Brain, liver, and spleen tissues of EpoR-Cre mice crossed with Ai9 mice were collected after cardiac perfusion with 4% paraformaldehyde. After overnight postfixation, sections were made using cryostat (Leica, CM1850). The liver and spleen sections were processed for antigen retrieval, followed by incubation with 0.3% Tween 20 for 30 minutes. All sections of brain, liver, and spleen were incubated with Sea blocking buffer (Thermo Fisher Scientific, 37527) for 30 minutes followed by blocking with streptavidin (Vector Laboratories, SP-2002) and biotin for 30 minutes, respectively. Griffonia simplicifolia lectin 1 IB4 (GSL1-IB4) was diluted at 1:100 concentration and used for the sections overnight at 4ºC. After being rinsed 3× with 1× PBS, sections were visualized with Alexa Fluor 488 streptavidin (Thermo Fisher Scientific, S32354) diluted at a 1:200 concentration. The signal was captured and imaged using Nikon Eclipse TE2000E Widefield Fluorescence Microscope.
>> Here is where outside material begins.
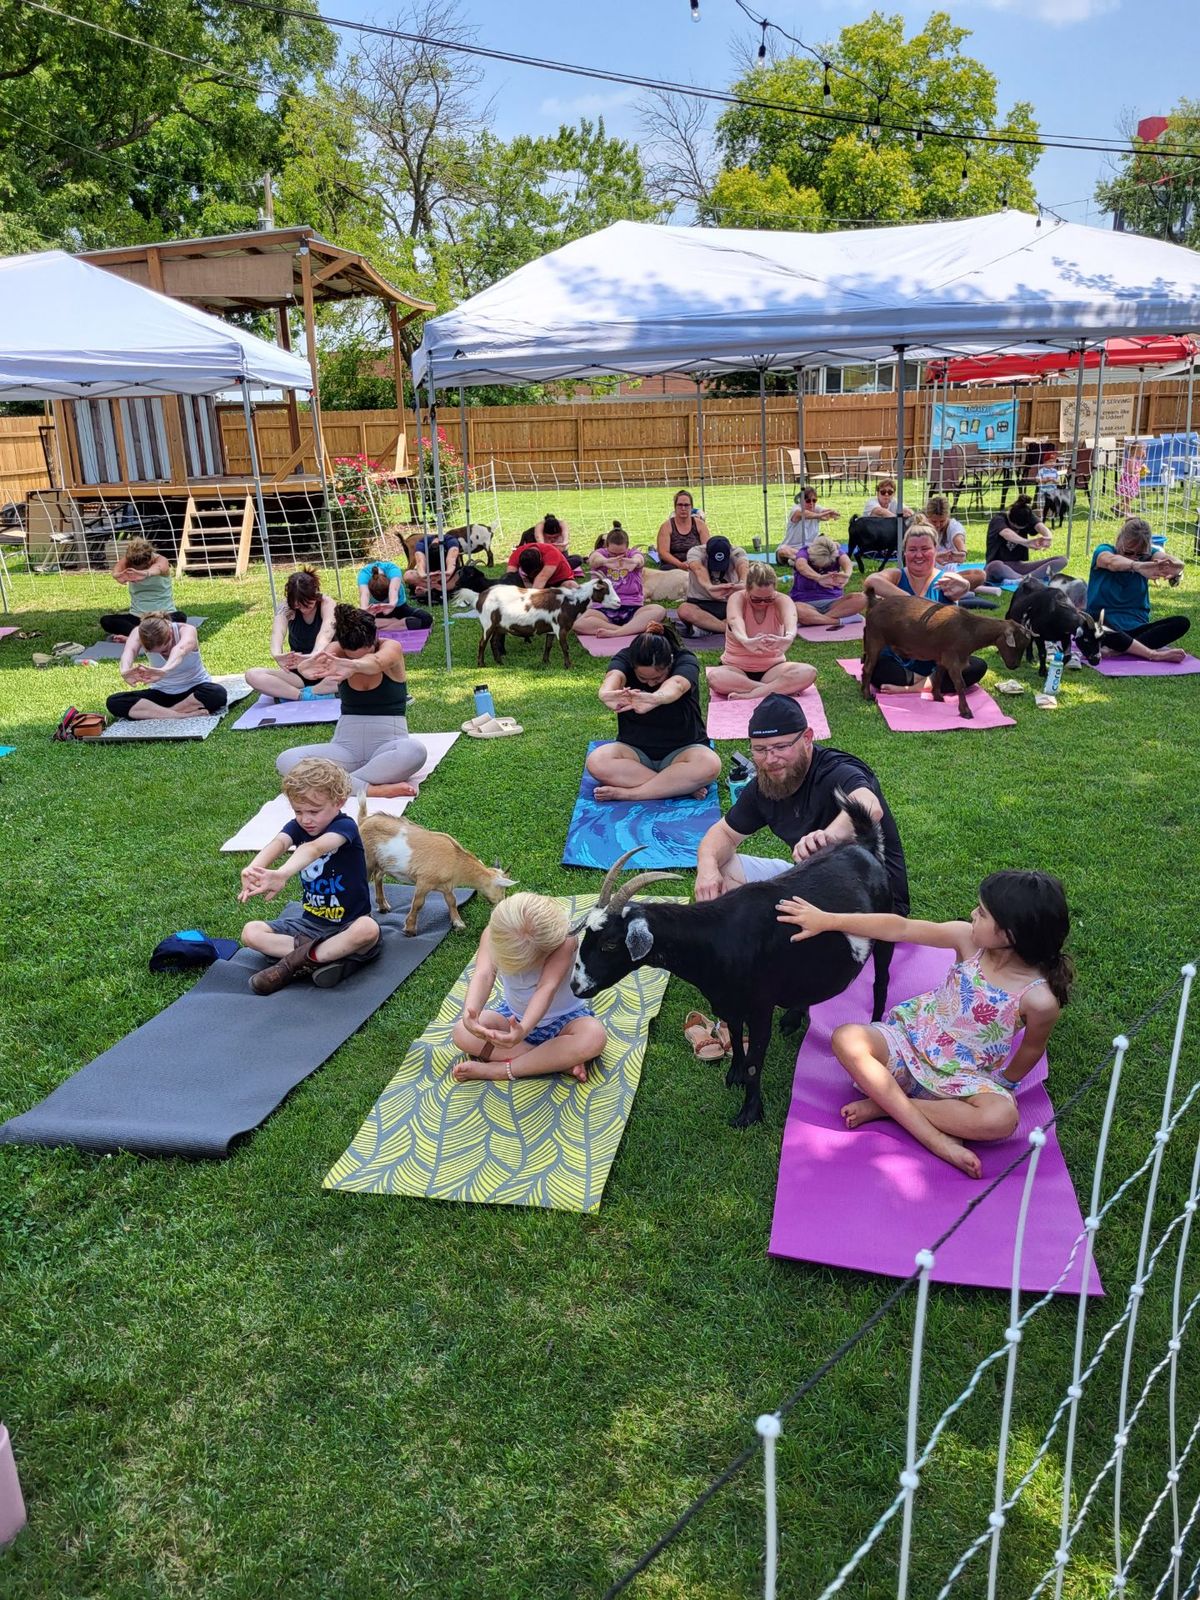 Goat Yoga at 311 Wine House & Beer Garden - St. Peters, MO

Rbc-GsD mice and their littermate control mice were on HFD for 8 weeks. When they developed DIO, both groups of mice were on daily i.p. injection of CNO (1 mg/kg, bw, 10:00 and 17:00 for 2 weeks. Mice were received pimonidazole (hypoxyprobe-1, 80mg/kg, bw; Chemicon International, HP2-100), and 45 minutes later, s.c. adipose tissues were collected for immunostaining. Tissues were fixed in 10% normal formalin buffer, processed, and then paraffin embedded. Deparaffinized sections were incubated with 10% of BSA for 1 hour, followed by incubation with anti-pimonidazole conjugated with FITC (monoclonal, 1:100) for 1 hour. After being rinsed 3× with 1× PBS, sections were further incubated with anti–FITC-HRP (Chemicon International, catalog HP2-100) (1:00) for 1 hour to amplify signals. The staining was visualized using DAB system (Vector Laboratories, SK-4105) and then counterstained with hematoxylin. Images were obtained using upright Axiocam 506 color camera (Zeiss Axio Scope).
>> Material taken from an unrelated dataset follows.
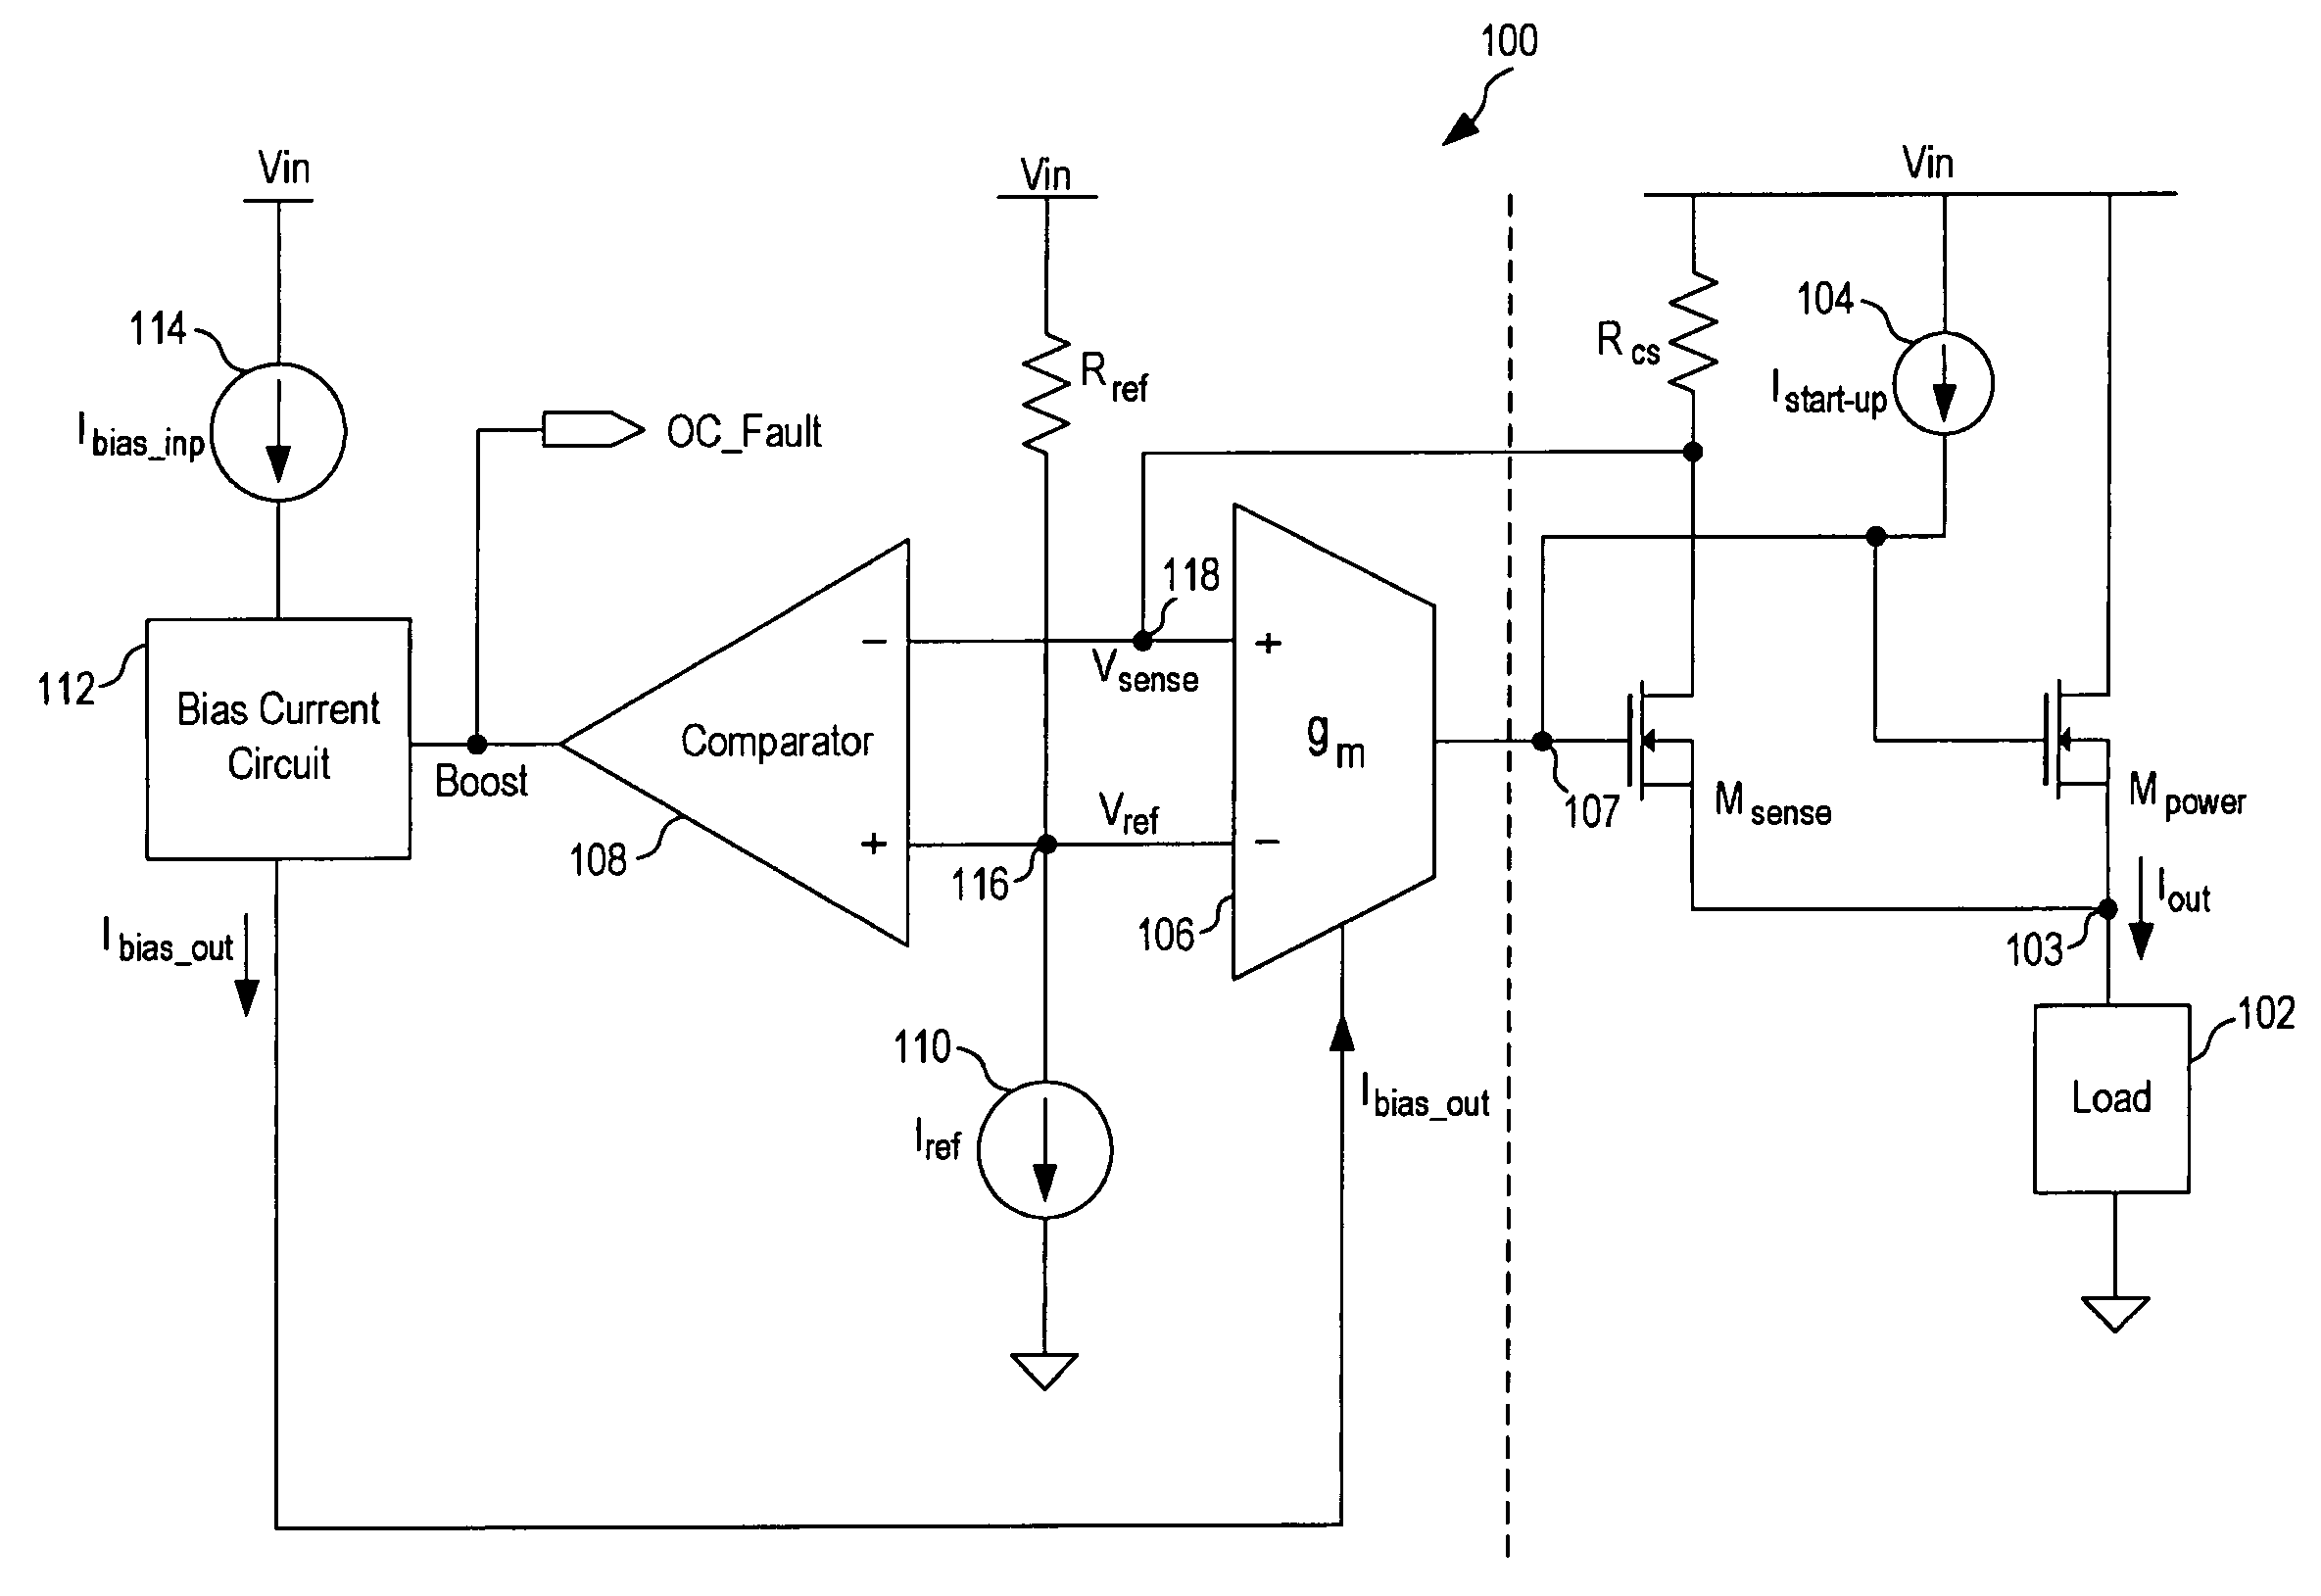 Overcurrent protection circuit with fast current limiting control

mRNA quantification by quantitative PCR (qPCR). s.c. adipose tissues were quickly collected and frozen. Total RNA was isolated using Trizol (Invitrogen) and RNeasy Mini kit (QIAGEN) by following company instruction. After qualifying and quantifying the total RNA using NanoDrop 2000 Spectrophotometer (Thermo Fisher Scientific), cDNA was prepared with 1 μg of the RNA. qPCR was performed using CFX96 Real-Rime System (Bio-Rad). The following primer sequences were used for the assessment of gene expression levels: HIF1-α (forward, 5′ - ACCTTCATCGGAAACTCCAAAG - 3′; reverse, 5′ - ACTGTTAGGCTCAGGTGAACT - 3′) and GAPDH as internal control (forward, 5′ - AGGTCGGTGTGAACGGATTTG - 3′; reverse, 5′ - TGTAGACCATGTAGTTGAGGTCA - 3′). Data were analyzed using ΔΔCt method, and the mRNA expression levels between groups were compared in fold changes.

Statistics. Data represent means ± SEM. Statistical analysis was performed using GraphPad Prism. Statistical significance among the groups was tested using 2-tailed Student’s t test or ANOVA tests. Correlation was analyzed by Pearson correlation coefficient. Statistical significance was defined as P < 0.05.

Study approval. Animal care and procedures were approved by the University of Texas Health Science Center at Houston IACUC.